FIG. 2 is a schematic cross-sectional view showing the configuration of a measuring device used for measuring airflow resistance, which is one of the properties exhibited by the absorbent and the water absorbent resin according to the present invention.

FIG. 3 is a schematic sectional view showing a configuration of a measuring device used for measuring an absorption capacity under pressure, which is one of the performances of the absorbent article according to the present invention.

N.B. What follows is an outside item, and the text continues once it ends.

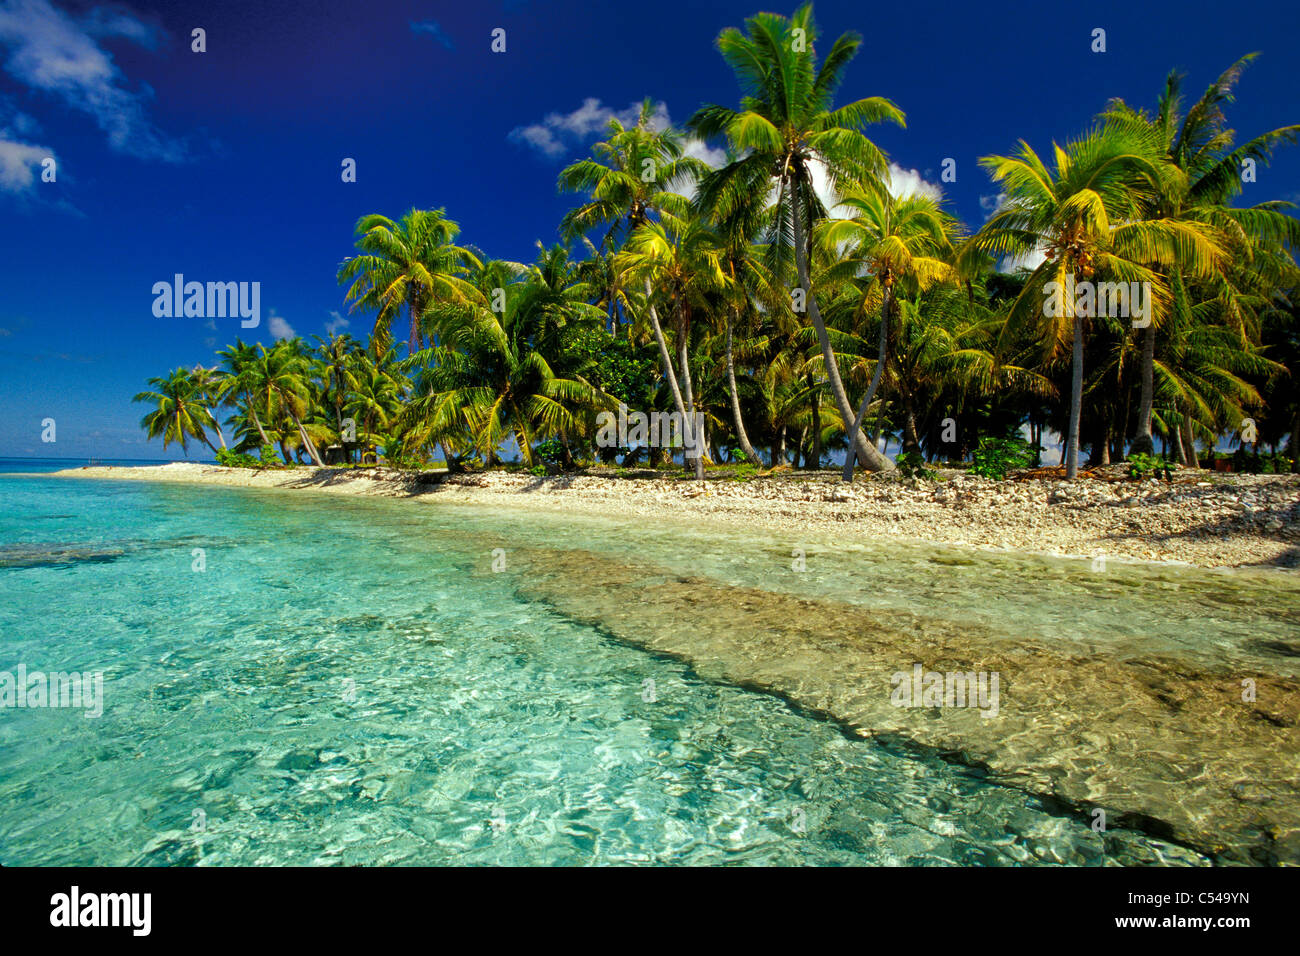 Tropical island with palm tree-lined beach, Blue lagoon, Rangiroa ...

FIG. 4 is a schematic cross-sectional view showing a configuration of a measuring unit in the measuring device shown in FIG.

[Explanation of symbols]

 DESCRIPTION OF SYMBOLS 1 Balance 2 Container 3 External air suction pipe 4 Pipe 5 Measurement part 11 Water-absorbing resin 12 Physiological saline 13 Absorber 21 Air permeability tester 22 Cell part 23 Cell set 35 Measurement part

──────────────────────────────────────────────────続 き Continued on the front page (51) Int.Cl. ⁷ Identification symbol FI Theme coat ゛ (Reference) A61L 15/60 (72) Inventor Ishi ▲ Saki ▼ Kunihiko 992 Nishioki, Akihama-ku, Aboshi-ku, Himeji-shi, Hyogo 1 Co., Ltd. F term in Nippon Shokubai (reference) 3B029 BA04 BA15 BA17 4C003 AA23 CA06 GA02 4C098 AA09 CC02 CC10 DD01 DD24 DD25 DD26 DD27 DD28 DD30

Claims (5)

[Claims] (1) 2.0 KP when physiological saline is absorbed
the absorption capacity under pressure at a is 24 g / g or more, and
An absorbent body, wherein a ventilation resistance under a pressure of 4.9 kPa in a wet state is 50 kPa · sec / m or less. 2. An absorbent layer comprising the absorbent according to claim 1, a liquid permeable sheet, and a gas flow resistance of 1 kPa · sec /.
a liquid-impervious sheet in a range of not less than m and not more than 50 kPa · sec / m, wherein the absorbent layer is disposed between the two sheets. 3. The air flow resistance under pressure at 4.9 kPa in a wet state is 250 kPa · sec / m or less, and the absorption capacity under no pressure when absorbing physiological saline is 32 g / m 2.
g or more and when physiological saline is absorbed.
A water-absorbent resin having an absorption capacity under pressure at 0 kPa of 32 g / g or more and having a particle shape with a weight average particle size of 430 μm or more. 4. An air-flow resistance under a pressure of 4.9 kPa in a wet state is 250 kPa · sec / m or less, and an absorption capacity under a non-pressure when absorbing physiological saline is 34 g / cm 2.
g, and the amount of water-soluble component is 18% by weight or less. 5. An airflow resistance under a pressure of 4.9 kPa in a wet state is not more than 250 kPa · sec / m, and an absorption capacity under a pressure of 2.0 kPa when a physiological saline solution is absorbed is 34 g / g. And the amount of water-soluble components is 18
A water-absorbing resin, which is not more than weight%.